In a clever twist, it also turns out that Cheryl and Jason aren’t twins, but triplets! The long-lost Julian appears in their midst, sort of like all those Cooper siblings who keep appearing on “Riverdale,” to join the competition. Which raises the ante — and body count — considerably.
All this nastiness comes from the pen of Cullen Bunn (“The Damned,” “Harrow County”), who is no stranger to horror. Bunn is terrific at making his audience hold its breath in terrible anticipation, and there’s a lot of that here. But there’s also, you know, some awful stuff right there on panel.
As to art, I have nothing but praise for Laura Braga. Modern comics artists generally eschew the heavy rendering of their predecessors, to allow today’s computer coloring to shine. That takes a huge tool out of the penciller’s hand, who must draw anatomy and perspective without covering their imperfections with black shadows and intricate feathering. Today’s artist must stand nakedly before the reader with clean, attractive storytelling — which is what Braga delivers.
“Swimming in Darkness” (Arsenal Pulp Press, $17.99): Do you like your noir with fewer hard-bitten gumshoes, and more, how you say, je ne sais quoi?
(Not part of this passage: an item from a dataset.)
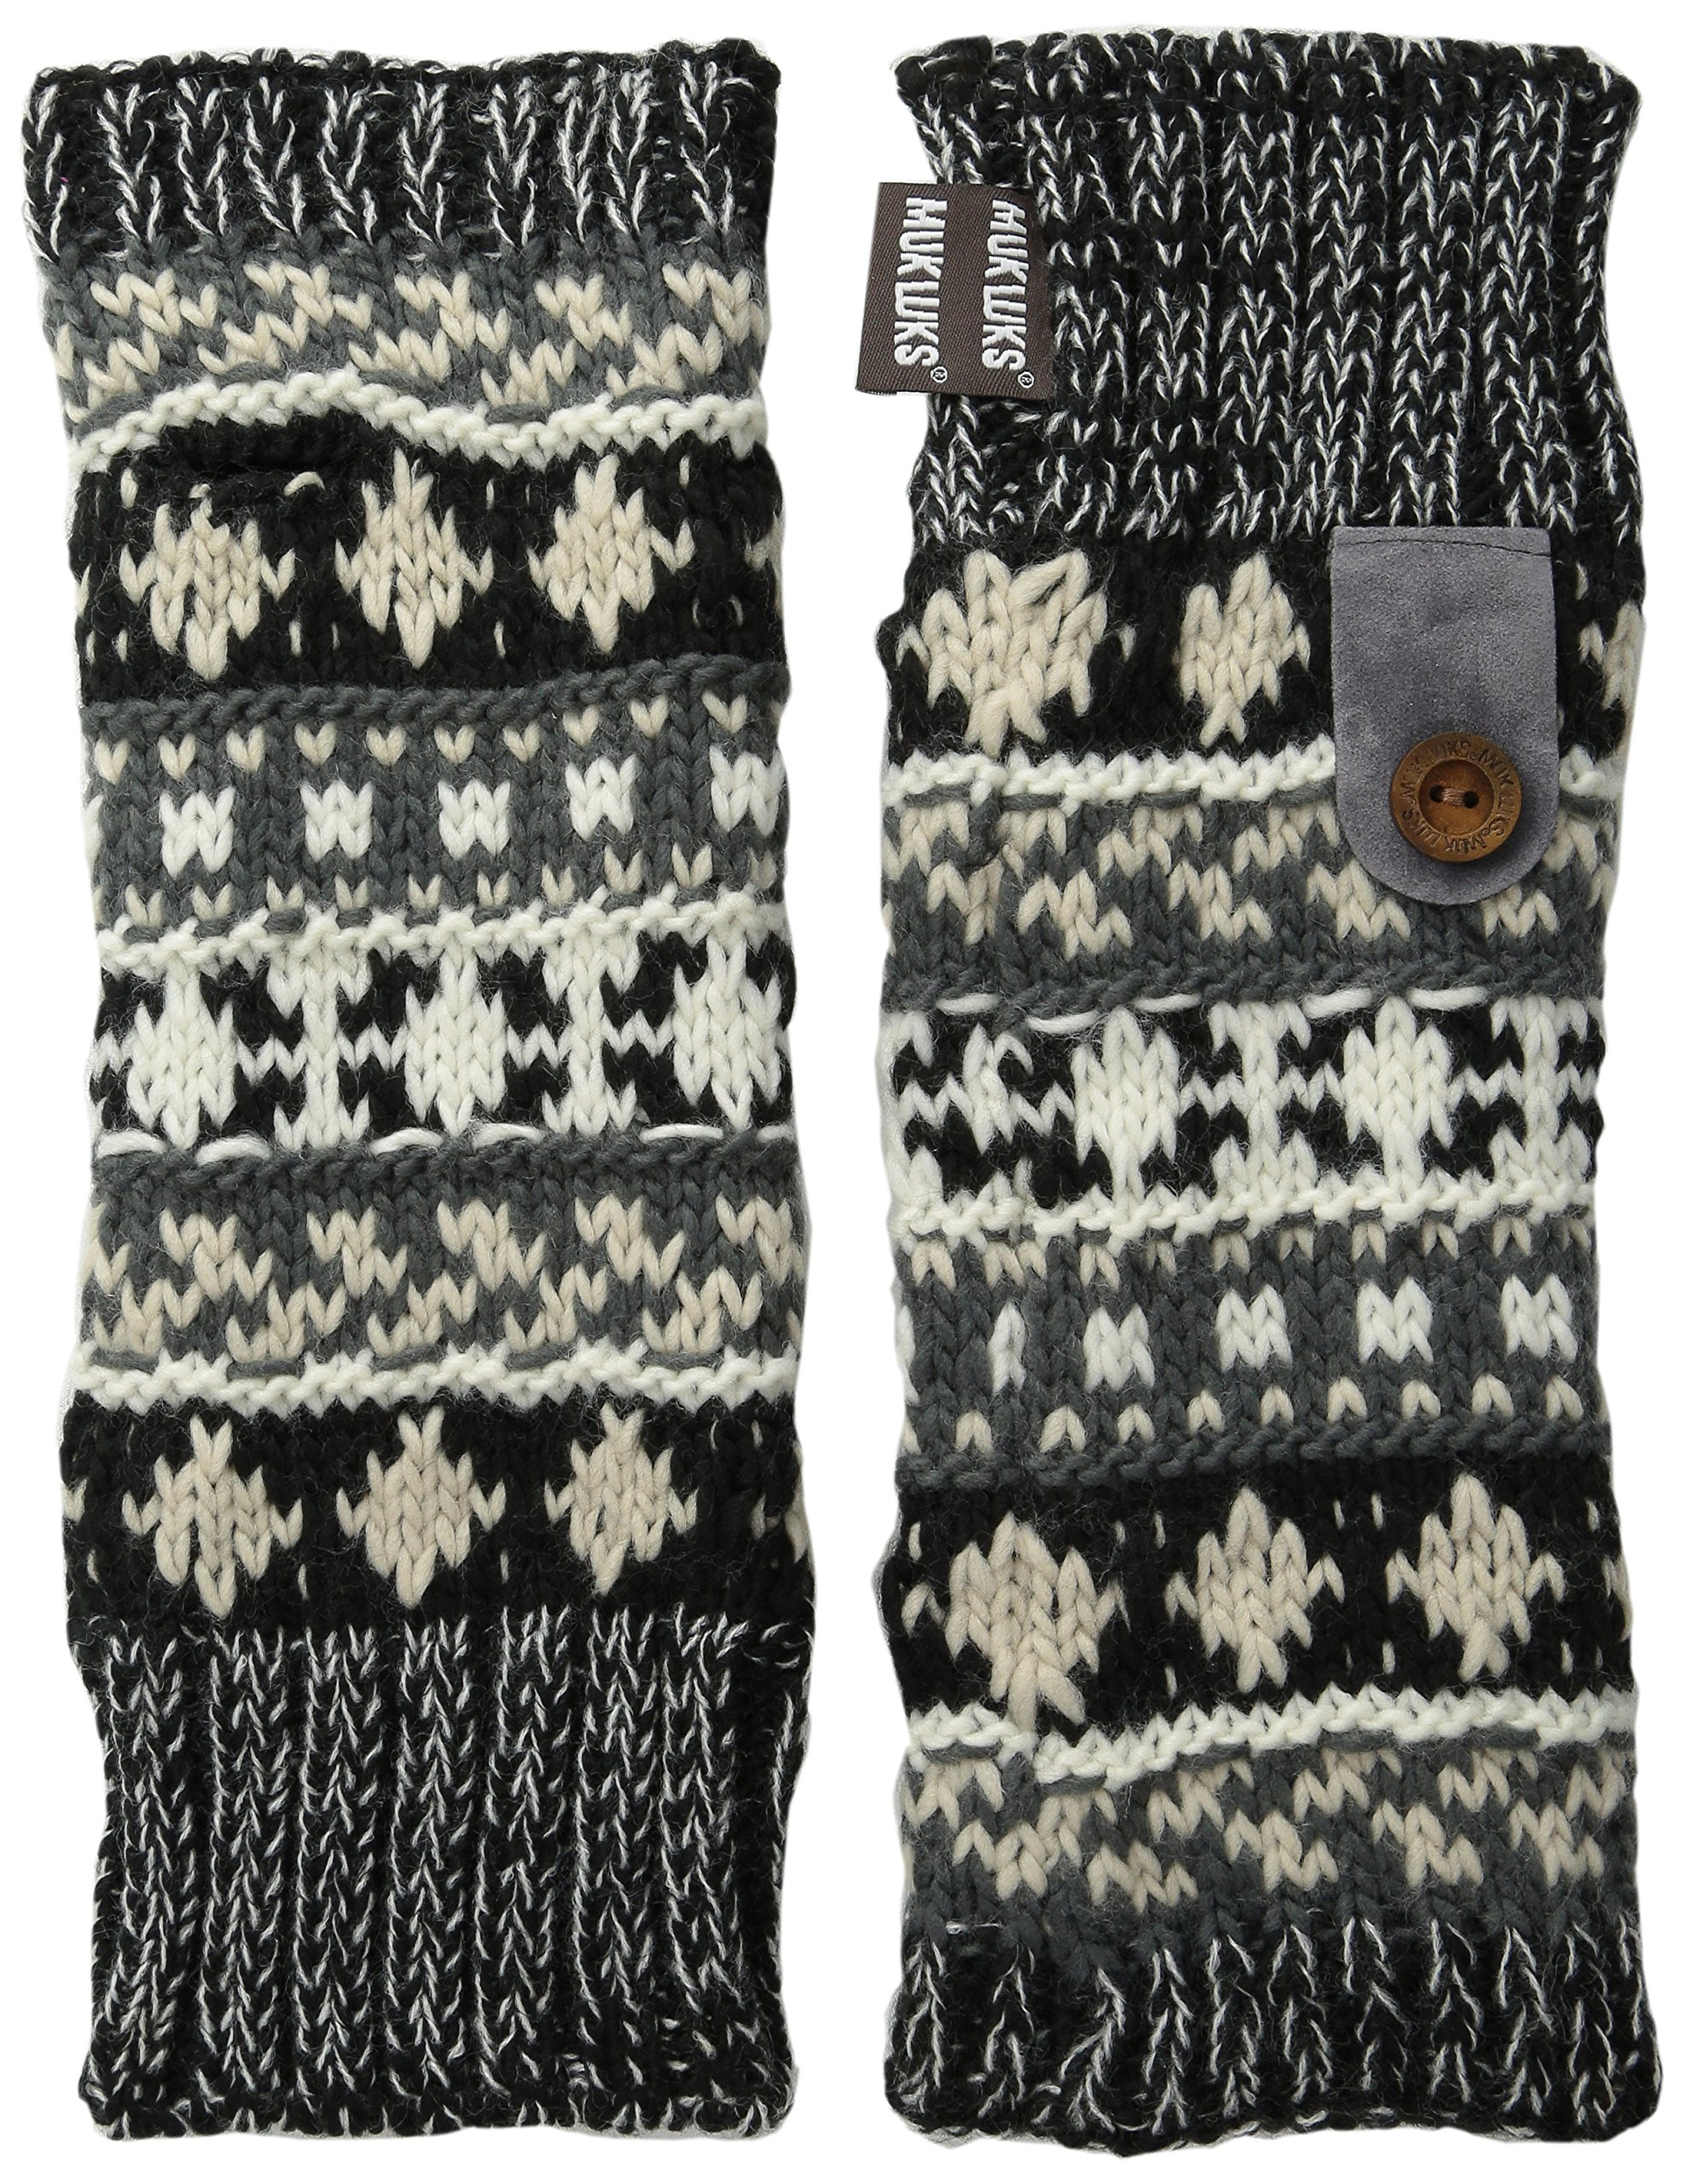 Muk Luks Women's Armwarmers, Dark Gray/Black, One Size

You’re in luck, because this French import has all the earmarks of great film noir, only with a Continental spin.
In “Darkness,” Pierre, a former French architecture student — he dropped out after a breakdown — travels to Therme Vals, the famous hotel and spa complex in the Swiss Alps. Yes, it’s a real place, but in this story, our hero finds that the walls and spaces don’t add up right. And then there’s that local myth about another kind of space — a “mouth of the mountain” that opens every 100 years to swallow a foreigner. A foreigner like Pierre. Or perhaps like the other visiting Frenchman, who is also obsessed in the spa’s secrets.
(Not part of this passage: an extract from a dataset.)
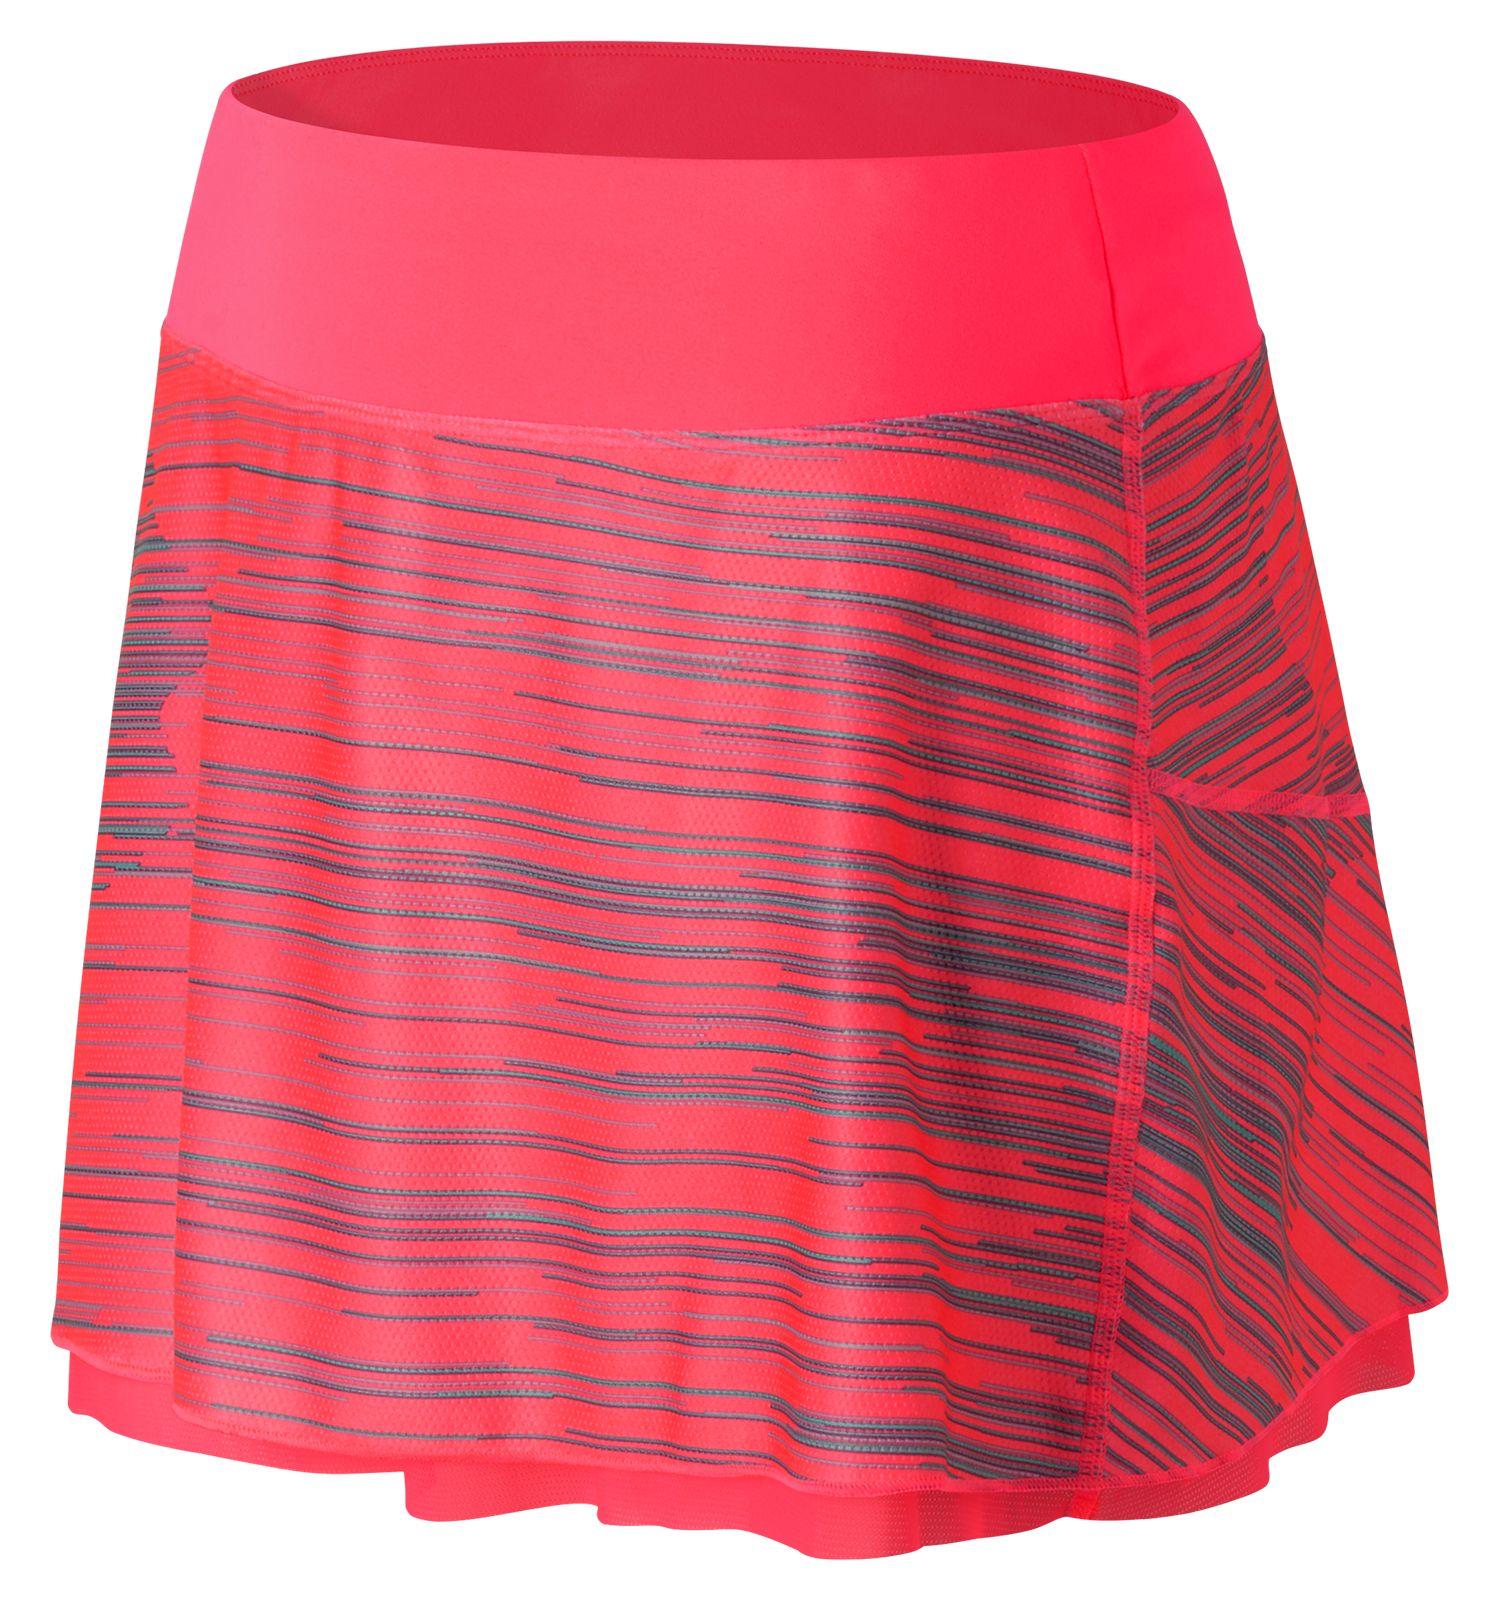 New Balance Rosewater Reversible Skirt Womens Pink

Or maybe Pierre’s just going mad.
Yes! An architectural mystery! And it’s good! Suspenseful, somewhat surreal and … sexy. (It’s French. So there’s sex.)
“Swimming in Darkness” is written by Lucas Harari, who also draws it in the pleasant, inoffensive Franco-Belgian style. Which can still be spooky, especially when the ordinary suddenly seems threatening.
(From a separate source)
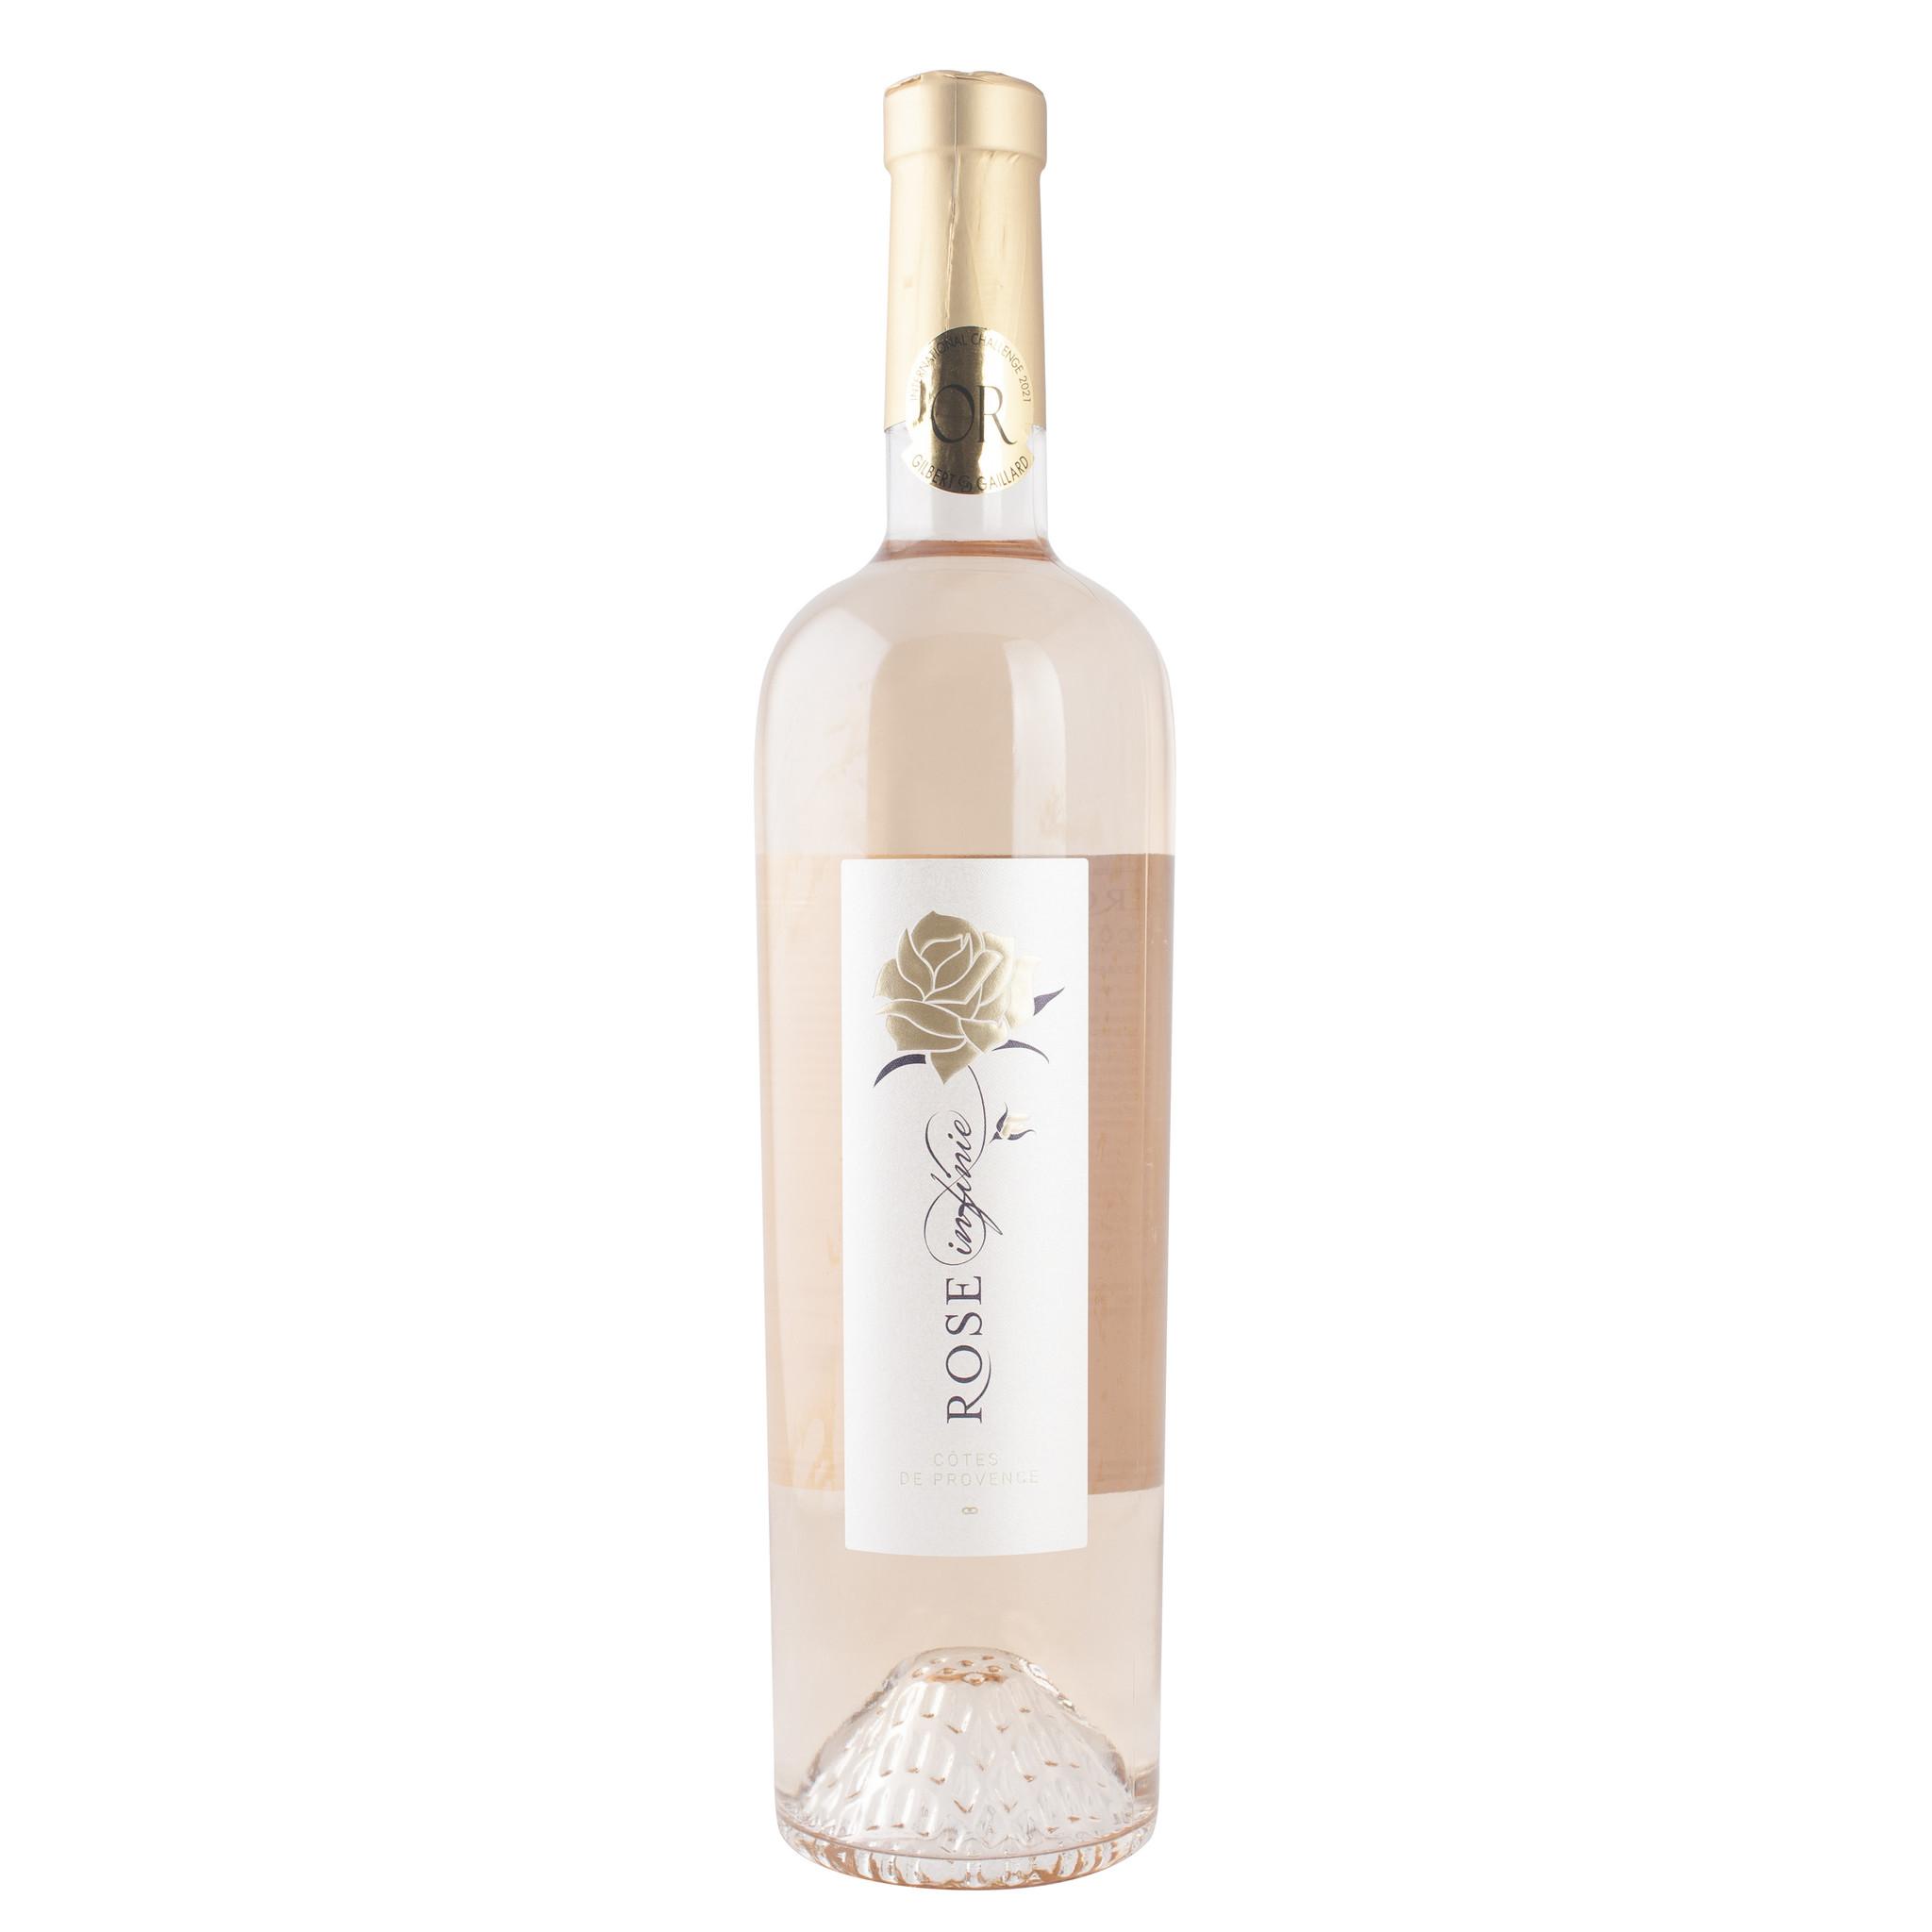 Rose Infinie Cotes de Provence Rosé 2020

“Blade Runner 2019” (Titan Comics, $16.99): I loved “Blade Runner,” the original movie with Harrison Ford, so any effort to milk that IP had better be doggone good. In fact, it better pass the Voight-Kampff test.
And doggone if “Blade Runner 2019 Vol. 1: Welcome to Los Angeles” isn’t pretty perfect. Published by the UK’s Titan Comics, this graphic novel collects the first four issues of a new series, and it really captures the spirit, the feel, even the look of the classic movie. And, although few remember this detail, it takes place at the same time as the original movie: 2019.
“BR 2019” stars Detective Ashina — Ash to her acquaintances, whom I would not call “friends” — who is on the hunt for a missing child that somehow involves replicants, for both personal and professional reasons. Yes, Ash has some secrets, too — because of course she does! It’s detective noir!
Anyway, we follow Ash through the grimy, perpetually raining, neon hellscape of dystopian Los Angeles on her mission, as she shoots and gets shot at. Sure, somewhere across town Rick Deckard is doing much the same thing, but we don’t meet him. Instead, Ash is an excellent substitute, similar enough to scratch the Blade Runner itch, but not so close as to be a pale copy.
That stands to reason, as one of the writers of “Blade Runner 2019” is Michael Green, who wrote the screenplay for “Blade Runner 2049.” And the gorgeous art of Andres Guinaldo is properly cinematic — but never forgets that this is comics, not cinema, and never once did an artsy shot make me lose track of what was going on.
“Blade Runner 2019” takes all the best bits of its inspiration, but heads off in a different direction, world-building as it goes. If this is the beginning of a long-term franchise, count me in.